We would recommend living in Woburn which is a 10 minute stroll away from Lower Hutt centre. Really nice leafy established suburb with railway link to Wellington and Upper Hutt.
Woburn also has good schools, a recreation ground, swimming/splash complex & a lovely park close by and is near to the Hutt River for sunny day walks or rides up and down the Hutt River trail which ends at Upper Hutt one way or Petone the other.
I'd forget the beach as you can't have everything!!! 
Petone will be the closest from Woburn but not walking distance and it is a bit windswept. Good for walking the dog but not for making sandcastles. There is a good park area and golf course - Shandon between Woburn and Petone and both at the side of the Hutt River.
The nearest good sunbathing sandy beach will probably be Scorching Bay which is on the other side of Wellington CBD and round the headland although there is Oriental bay but it is man made and only small but nice all the same.
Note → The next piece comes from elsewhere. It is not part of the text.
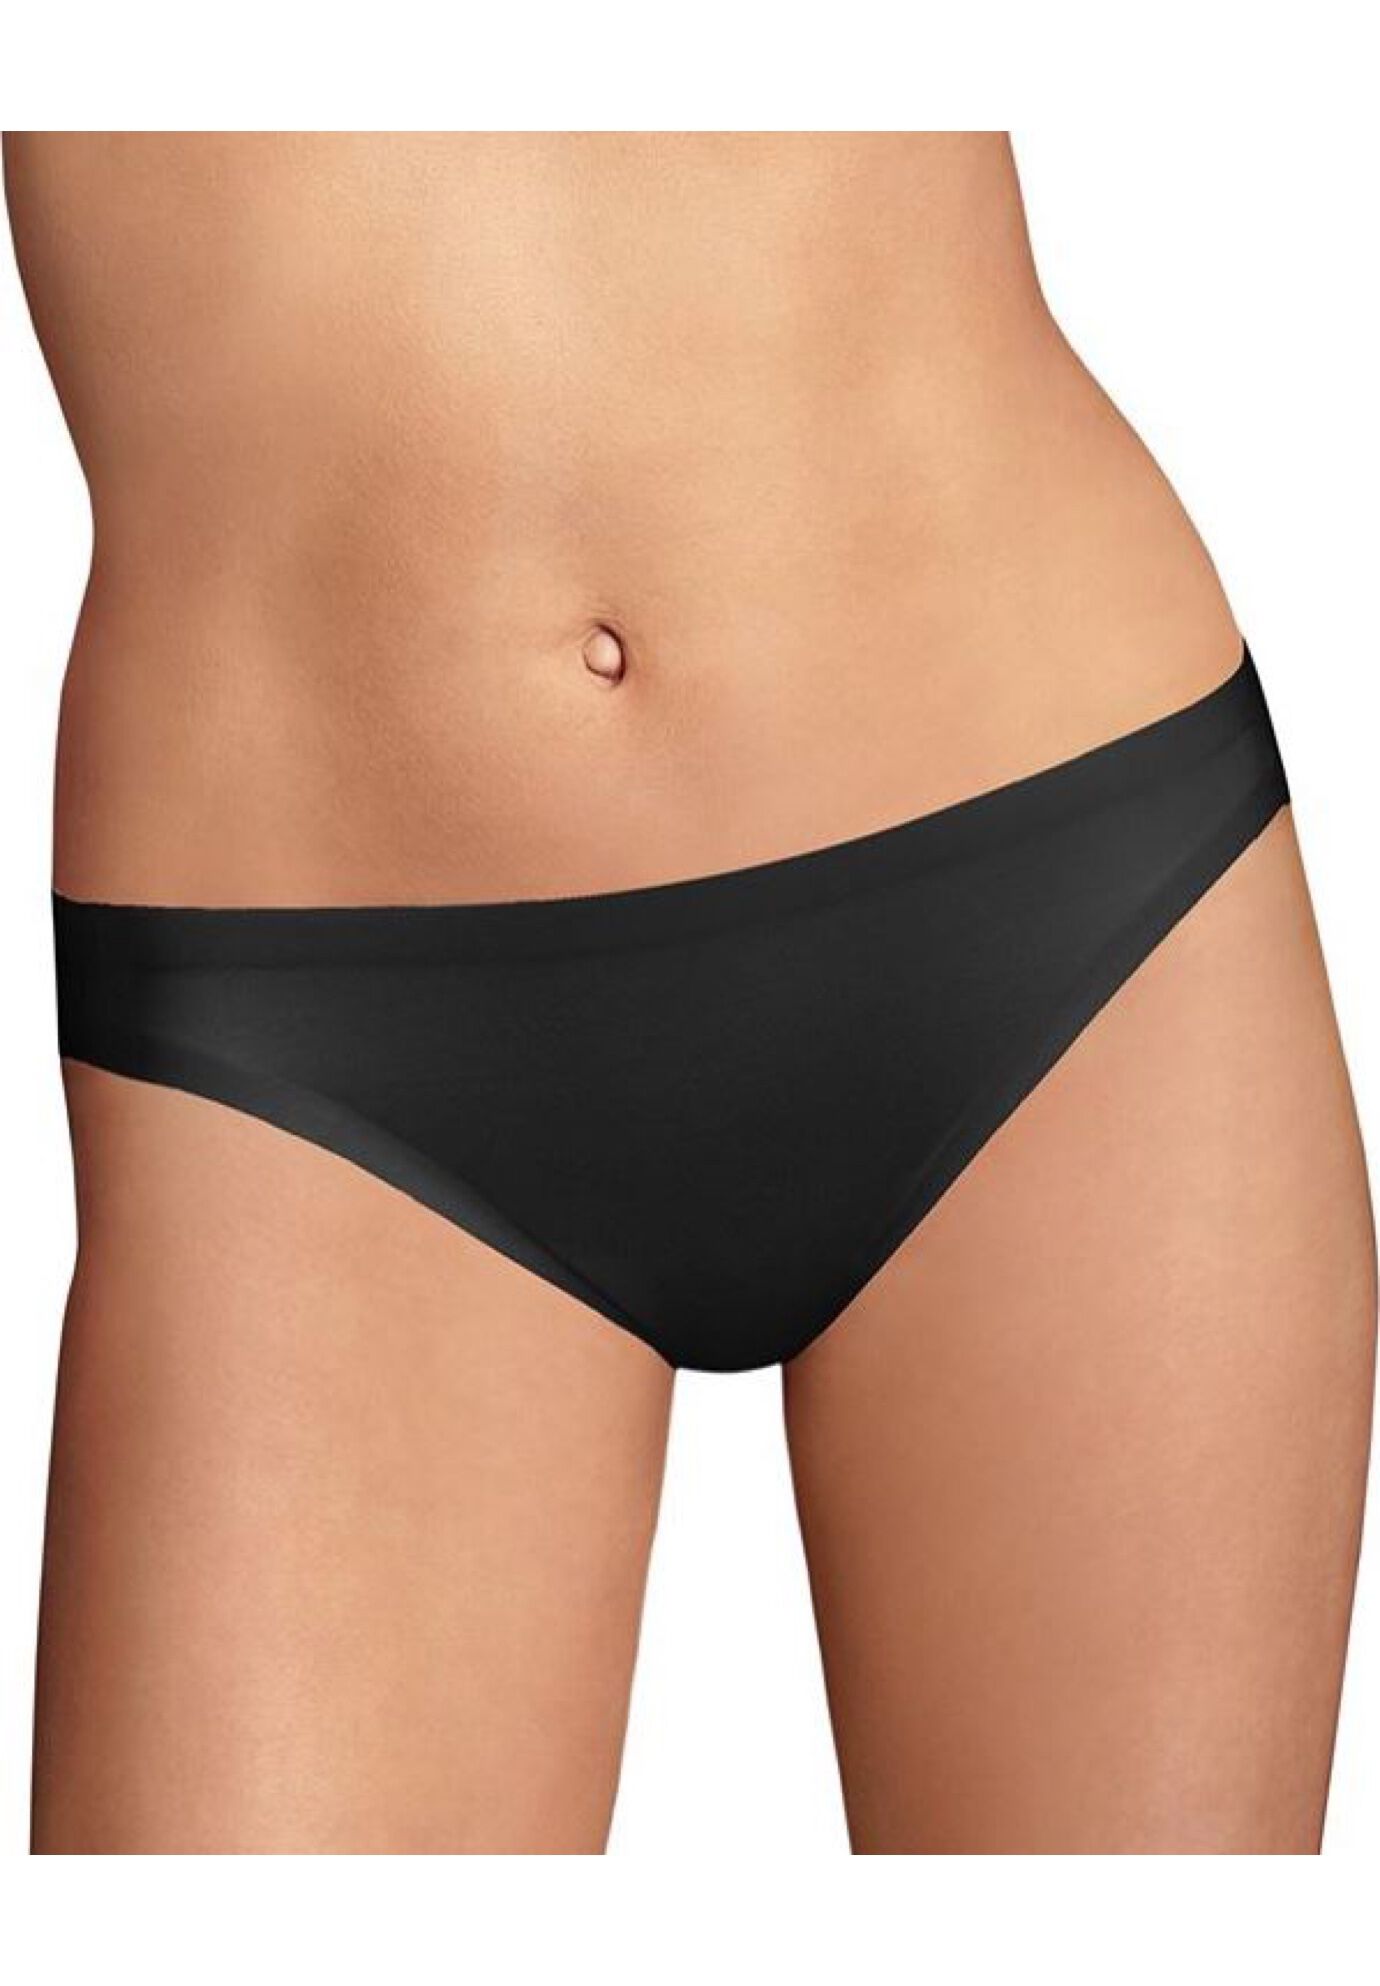 Plus Size Women's Comfort Devotion Bikini by Maidenform in Black (Size 5)

Its just the "sand" is a bit rough - more crushed shells!!!
There's also bays on the opposite side of Wellington harbour accessed by driving through Petone or via a ferry - ie Eastbourne, however not really spent that much time in these places yet other than a drive through and a coffee or two.
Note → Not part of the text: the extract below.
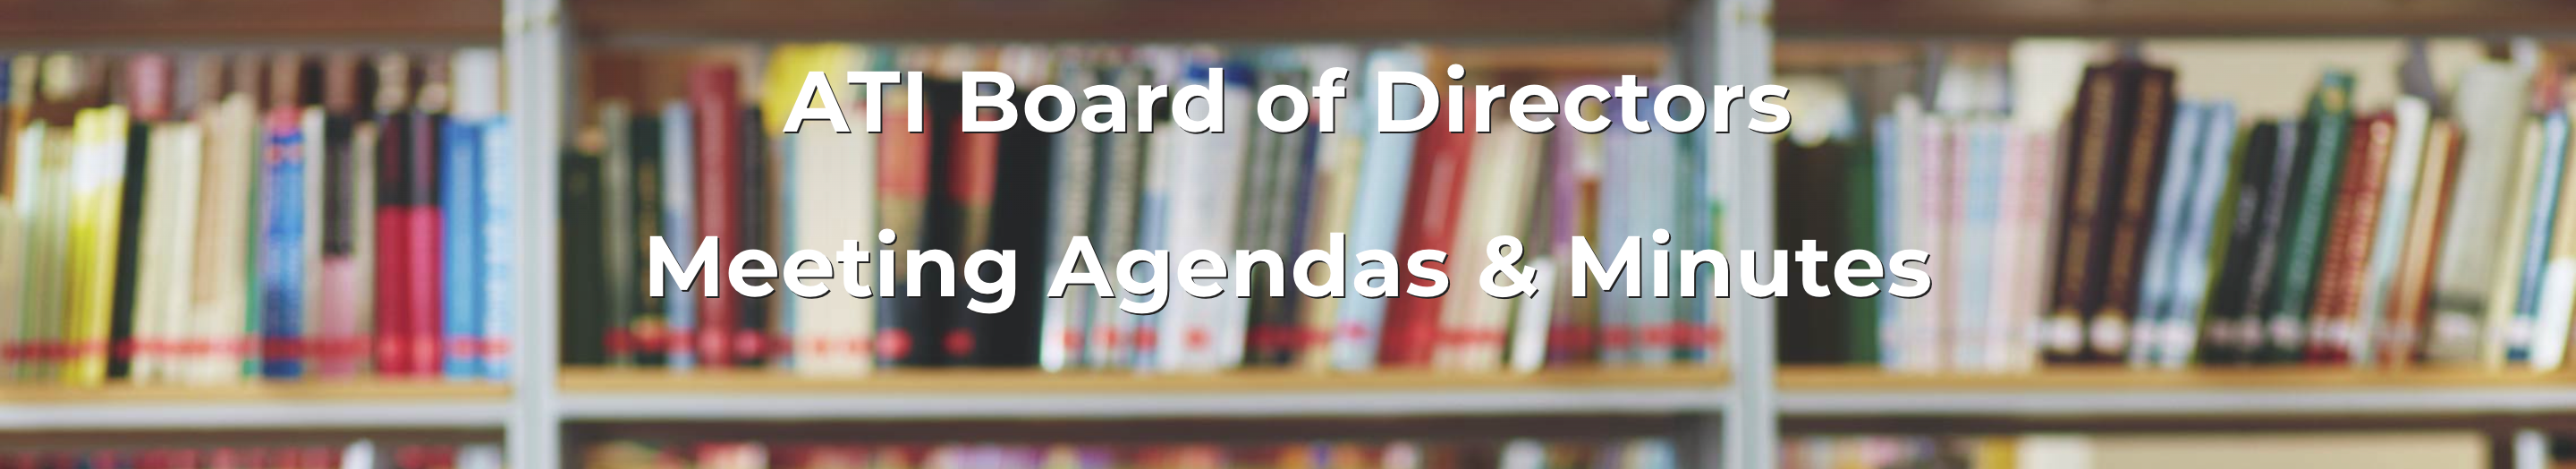 ACCS Board of Directors Meeting Agendas & Minutes

We lived in Woburn, Lower Hutt for our first 8 weeks - now live at Churton Park but we still shop down in Lower Hutt and are registered at the doctors there.
Other than Wellington CBD, Lower Hutt is still the best for shopping IMO.
I'm also still a member of Te Marua Golf Club, Upper Hutt which is a gorg part of the country.


----------



## escapedtonz

........oh and we have an 18 month old boy & my wife is a stay at home mum too so I'm sure she'll be on the thread soon to help you out with things for your Mrs to do, advice on toddler groups, places to meet up for lunch/coffee where the kids can play whilst we play golf ha ha!!!
Cheers


----------



## bdl123

Hi,
I'm esacapedtonz's wife..the stay at home mummy!! 
If ur wife wants any info re toddler groups or cafes with play areas please ask her to PM me & I'll send my email. I go to a toddler group in Silverstream every Thursday & would be happy to help her meet people
X

Sent from my iPhone using ExpatForum


----------



## irishinwelly

escapedtonz said:


> ........oh and we have an 18 month old boy & my wife is a stay at home mum too so I'm sure she'll be on the thread soon to help you out with things for your Mrs to do, advice on toddler groups, places to meet up for lunch/coffee where the kids can play whilst we play golf ha ha!!!
> Cheers


Hi escapedtonz thanks for the reply its very helpful. Ive been in touch witha couple of estate agents this week so we have decided to look for places in lower hutt. Handing in our notice in work next week so all moving ahead very fast. Cant wait to get out there and sample life in NZ. As for the golf seems like a great idea, i wouldnt be the best but hopefully will have plenty of time out there to practice!! I am going to send your wife a PM with my wifes email address she was delighted with her post and its really put her at ease that she can meet people out there and wont be on here own all the time.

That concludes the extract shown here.